# Welches Belly Boat habt ihr 2016 im Einsatz ?



## fxschmxxstxrp (22. April 2016)

Hallo

 Welche Belly habt ihr dieses Jahr im Einsatz ?

 Vielleicht wäre ein Foto nicht schlecht |wavey:


----------



## AllroundAlex (22. April 2016)

*AW: Welches Belly Boat habt ihr 2016 im Einsatz ?*

Ich melde mich ende nächster Woche nochmal zu dem Thema, wenn es angekommen ist.|rolleyes Mein neues ist gestern in den Versand gekommen.

Bisher habe ich ein Ron Thomssen verwendet.





Ps Falls jemand Kaufinteresse hat bitte eine PN. Ansonsten findet ihr es nächste Woche in der Bay (Kleinanzeigen)


----------



## Zxndxrmxchx (22. April 2016)

*AW: Welches Belly Boat habt ihr 2016 im Einsatz ?*

Ich hab imo. ein 1/2es #h|bigeyes|gr:
und wenn ich mir noch mal eins kauf lege ich nur wert drauf das man dafür auch Ersatzteile(Luftkammern) bekommt!
gruß Michi


----------



## Fattony (22. April 2016)

*AW: Welches Belly Boat habt ihr 2016 im Einsatz ?*

Hart Goliath!

Ist aber eher was für Leute mit +100kg

Für mich perfekt.


----------



## Rosi (24. April 2016)

*AW: Welches Belly Boat habt ihr 2016 im Einsatz ?*

Na wie immer, den Drifter. Ersatzschlauchpaket liegt sich wund im Schrank. 

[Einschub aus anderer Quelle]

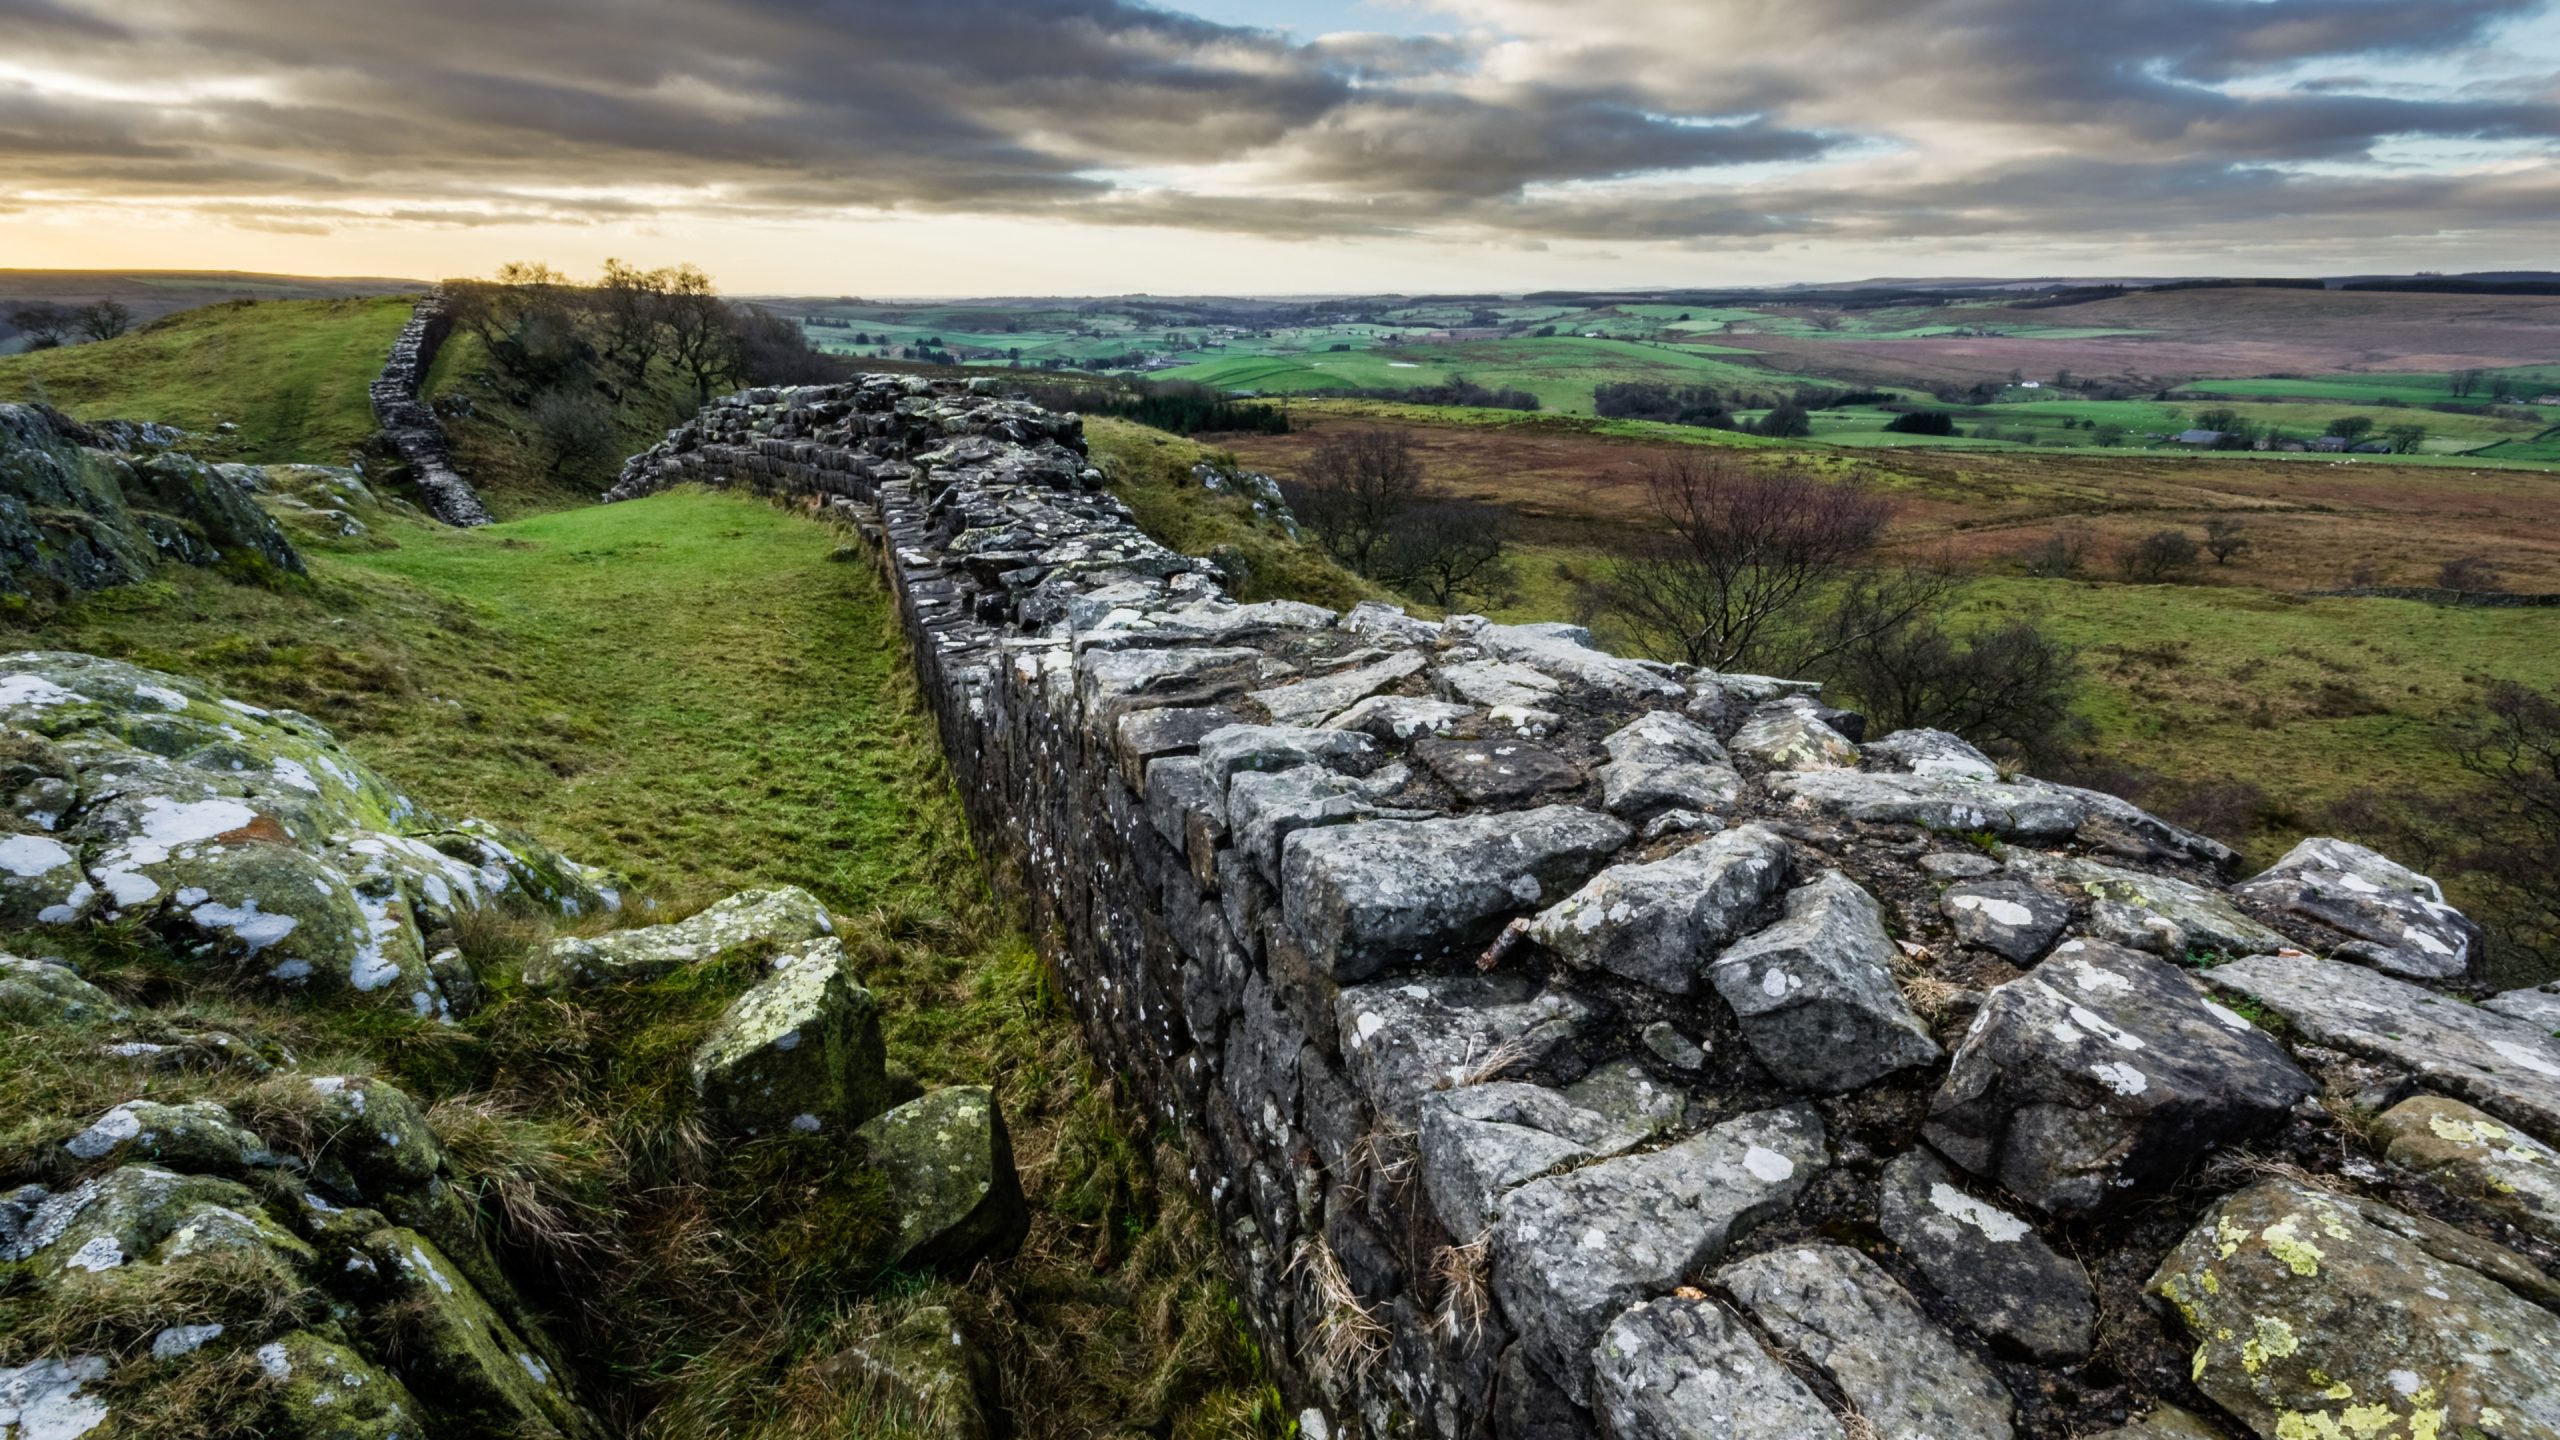 Hadrians Wall in Northumberland National Park

Deine Überschrift hört sich an, als müßte man sich jedes Jahr ein anderes Belly zulegen. Wo fischst du denn damit?


----------



## Salty Waterboy (4. Mai 2016)

*AW: Welches Belly Boat habt ihr 2016 im Einsatz ?*

Nach Jahren habe ich mich mal wieder entschlossen meinem Boardnamen alle Ehre zu machen und habe mir ein Belly zugelegt.

Es ist das Super Fat Cat von Outcast.:vik:

Ich nutze es ausschließlich auf der Ostsee und fühle mich damit mehr als Pudelwohl, in meienem Anglerleben habe ich schon 4 Belly Boate  verschiedenster Marke mein Eigen genannt, das aber nie lange, da sie mich nicht von der Quali und Haltbarkeit überzeugt haben. Jetzt bin ich rund um zufrieden und kann das 5. Belly nur wärmstens empfehlen. :l

Nicht nur die Qualität der Verarbeitung ist spitze, auch die kleinen Details machen Spaß. 
Das einzige was das Wasser berührt ist alles unterhalb des Knies und max., wenn dann nur bei Welle, der Hosenboden.


----------



## fxschmxxstxrp (8. Juli 2016)

*AW: Welches Belly Boat habt ihr 2016 im Einsatz ?*

Fischt eigentlich einer von Euch schon mit den neuen Bellys ohne Schläuche bzw. diese mit Schlauchbootmaterial ?


----------



## AllroundAlex (8. Juli 2016)

*AW: Welches Belly Boat habt ihr 2016 im Einsatz ?*

Jupp, ist ne schöne Sache 

Ich bin mit meinem Boot mehr als zufrieden (siehe hier: http://www.anglerboard.de/board/showthread.php?t=314149&page=2 )


----------



## gallus (21. August 2016)

*AW: Welches Belly Boat habt ihr 2016 im Einsatz ?*

Allroundmarine, siehe Avatar.
Schlauchlos und in wirklich fester Qualität der gleichnamigen Firma..


----------